Friday, January 1, 2010

Tracing a single concurrent request

What do you do when you need to trace a concurrent request for troubleshooting or performance tuning purposes? Here we take a look at some most obvious methods and one which I found the most convenient in many cases.
There are some well-known methods I used to use most often:
  1. The easiest one – “catch” the DB session while it’s executing and enable trace manually with DBMS_SESSION.START_TRACE_IN_SESSION, DBMS_MONITOR.SESSION_TRACE_ENABLE or other command you like best;
  2. Enable tracing for the concurrent program using “Enable Trace” option inSystem Administrator responsibility -> Concurrent -> Program -> Define form.
However, there are some drawbacks to these methods: You may not be quick enough to enable the tracing manually or you won’t see the statements that were executed just after start of concurrent request as tracing was not yet enabled at the moment.
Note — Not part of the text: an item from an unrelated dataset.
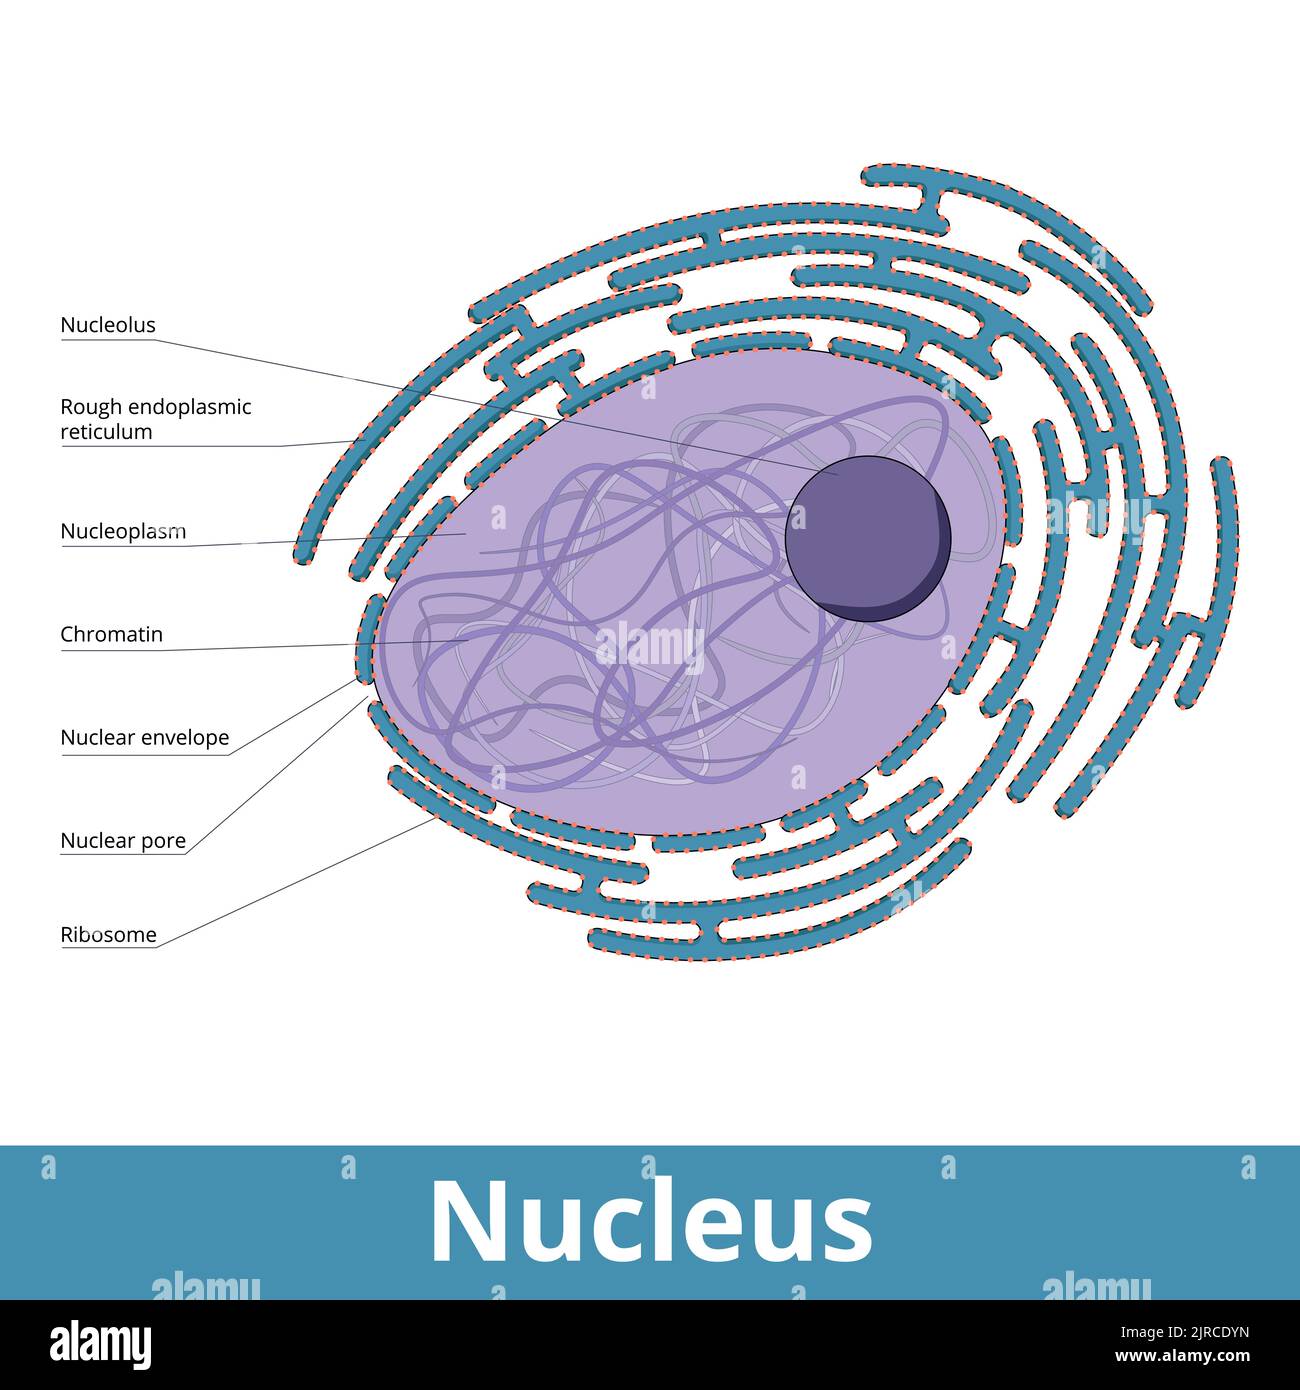 Der Kern. Ein membrangebundenes Organell mit Hülle, Nukleolus, Zellzytoplasma, Kernporen. Es ist von einem groben endoplasmatischen Retikulum umgeben. Stock Vektor

Or, you will not get the information of waitevents and binds in the trace file if you use “Enable trace” option.
How to avoid these drawbacks? There’s a profile option “SQL Statement – Custom”, set it to a value: “BEGIN FND_CTL.FND_SESS_CTL(”,”, ”, ‘TRUE’,”,’ALTER SESSION SET TRACEFILE_IDENTIFIER=’||””||’USERID’ ||””||’ EVENTS =’||””||’ 10046 TRACE NAME CONTEXT FOREVER, LEVEL 12 ‘||””); END;” and you’ll get a trace file with all the waitevents and binds for all the user sessions. The statement can be adjusted to your needs, but remember – the profile option value field is just 240 characters long. But here’s another problem – all the user sessions are traced including self service, forms, scheduled CRs and submitted CR’s. You may end up with hundreds of trace files struggling to find the needed one.
As I later found out, there is a nice profile option “Concurrent: Allow Debugging“, which allows enabling of debugging/tracing levels just for a particular concurrent request upon submission. You can set it to “Yes” and instruct the user to submit the request once again and use the button “Debug Options”…


you’ll get a single trace file with a name {sid}_ora_{process_id}_{eBS_User}_CR{request_id}.trc in your DB udump directory.